Yes, Karen please give an update of how it goes.

Would love to hear from others who have tried out OSBN as to how it went for them as well.

As I've said previously, this season my largest hive (wintered as a single Deep) drew out, filled and capped over 40 Deep frames! (So the hive got to 5 Deeps.) And I've got an Autumn (Fall) crop from them as well.

A 5 frame Deep Nuc drew out, filled and capped 25 Deep frames. (Hive got to 3 Deeps.)

Previously when wintering with 2 Deeps and using more traditional methods I was only getting 1-2 Deeps of honey.


----------



## karenarnett (Mar 25, 2012)

Amazing amount of comb drawn! Wondering: was all the honey/nectar for wax production taken from early nectar, before the main flow? Or with supplemental feeding?


----------



## gww (Feb 14, 2015)

I actually pull brood up to bait boxes and also to make space in the brood nest.
The bees did this in my three medium ten frame set up.








They did this in about 21 days to the two frames I put in the brood area. They drew these even though they have plenty of empty comb in lower boxes that they could have layed brood in. They apparently don't like open space in their main brood rearing area. I have had brood in supers when I manage this way which I move down later in the year but that could be due to small flow and them never making so much honey that they had to drive they queen down.
Cheers
gww


----------



## MattDavey (Dec 16, 2011)

Thanks Gww, yes the bees do NOT like having a hole within the Brood Nest or directly beside it. They will make it a high priority to fill it in with comb.
I prefer removing frames directly beside the Brood Nest because it has the least impact on the Brood Nest.

Karen, no feeding at all. It was all from 5-6 weeks of Swarm Season, a lull of about a week and then 6-7 weeks of Main Flow.

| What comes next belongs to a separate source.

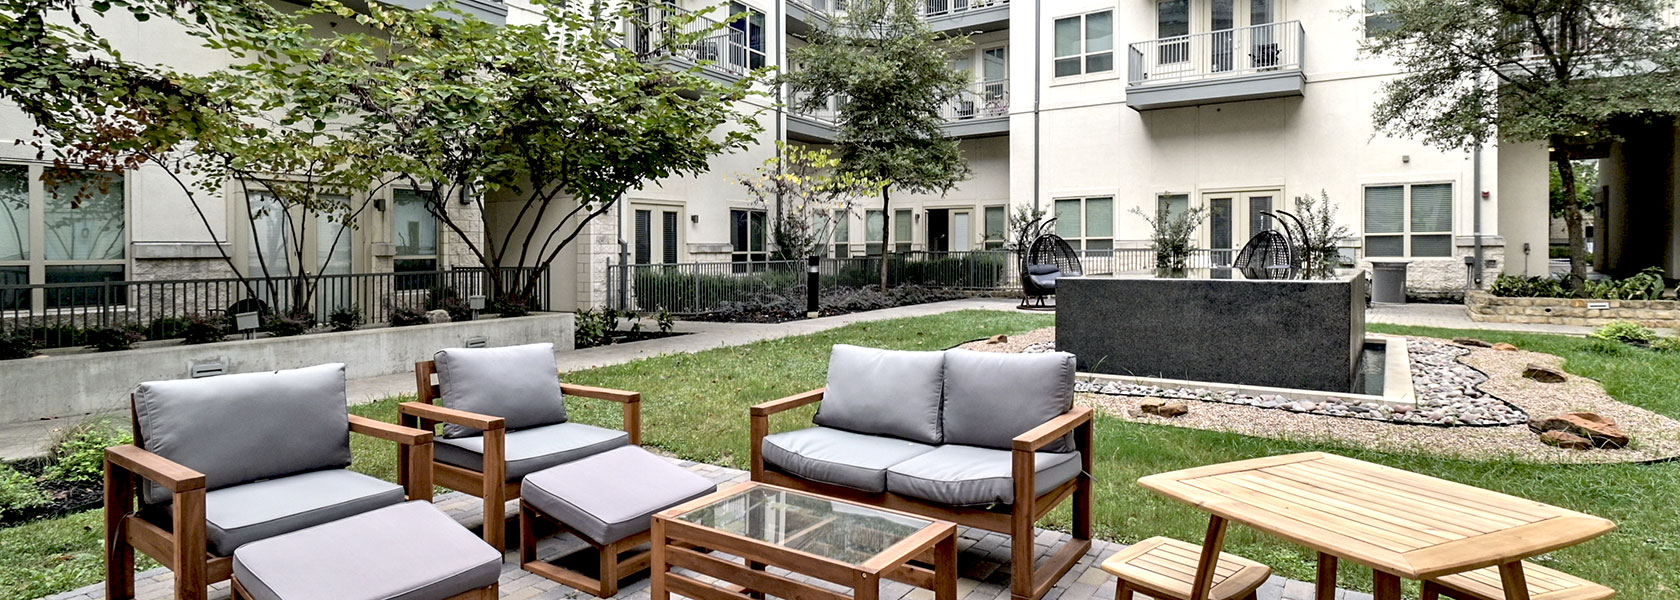 Looking down at grey cushioned outdoor furniture and a wooden table set sitting before the black, square fountain in the Zen Courtyard. The apartment building is seen behind.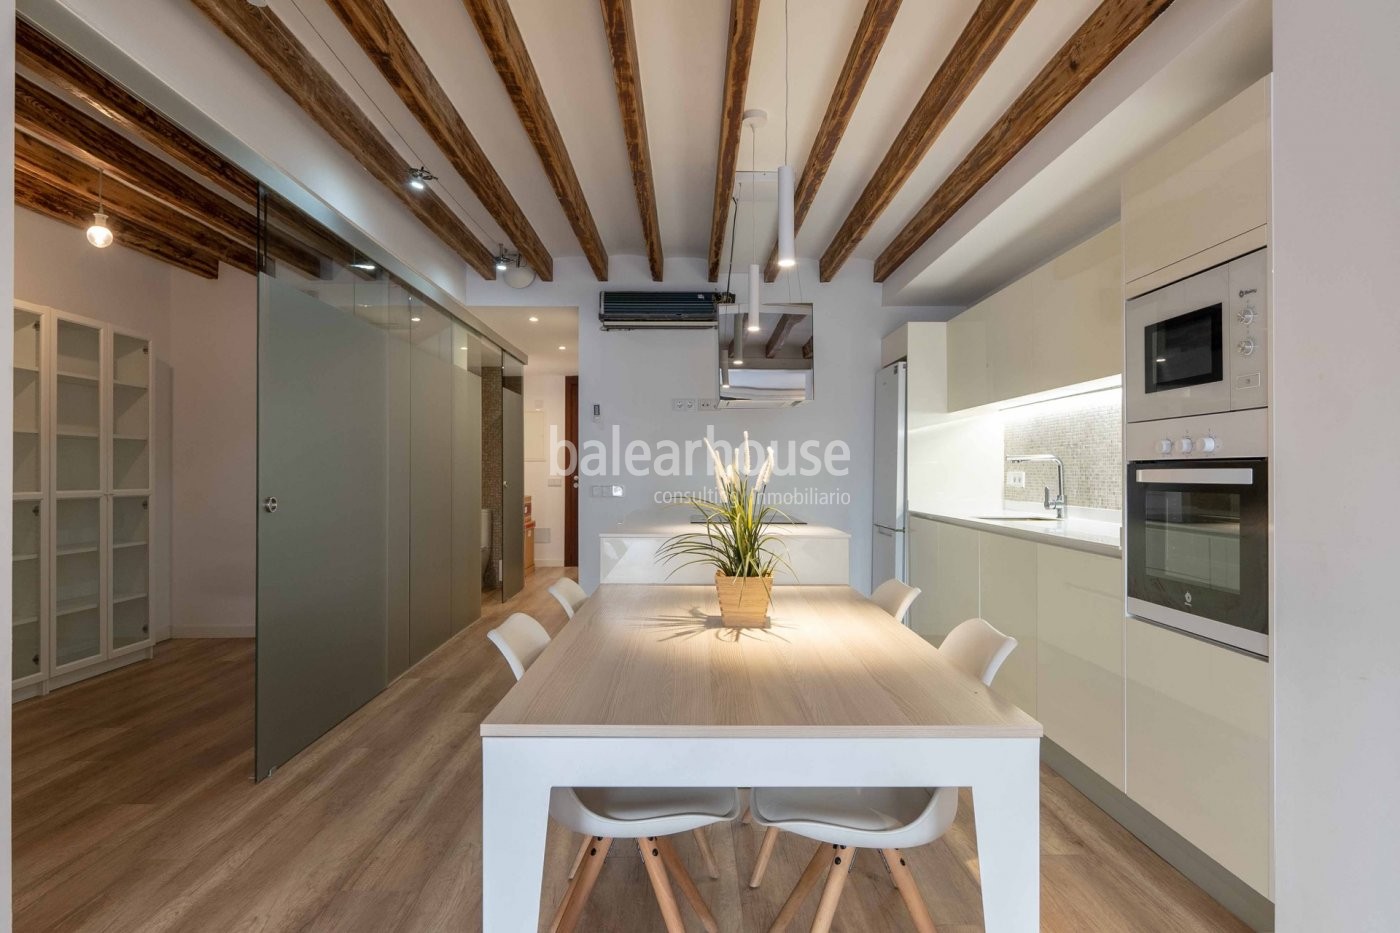 Beautiful ground floor apartment with large terrace in Palma's sought-after Santa Catalina district

Swarm Season is also a flow!

These hives are in an Urban area so there is a variety of plants flowering most of the year.

I started OSBN 3 weeks before our normal Swarm Season. (But got a call from a nearby town to collect the earliest Swarm ever, only a week later).
The season was bit drier than usual so the bees could forage most days.

Added a Box of Foundation (10 Frame Deep) about every 3 weeks.

Checking 2 weeks after adding every Box I was typically finding around 70-80% of the frames drawn.
So would then made up another Box of Foundation and put it on within a week.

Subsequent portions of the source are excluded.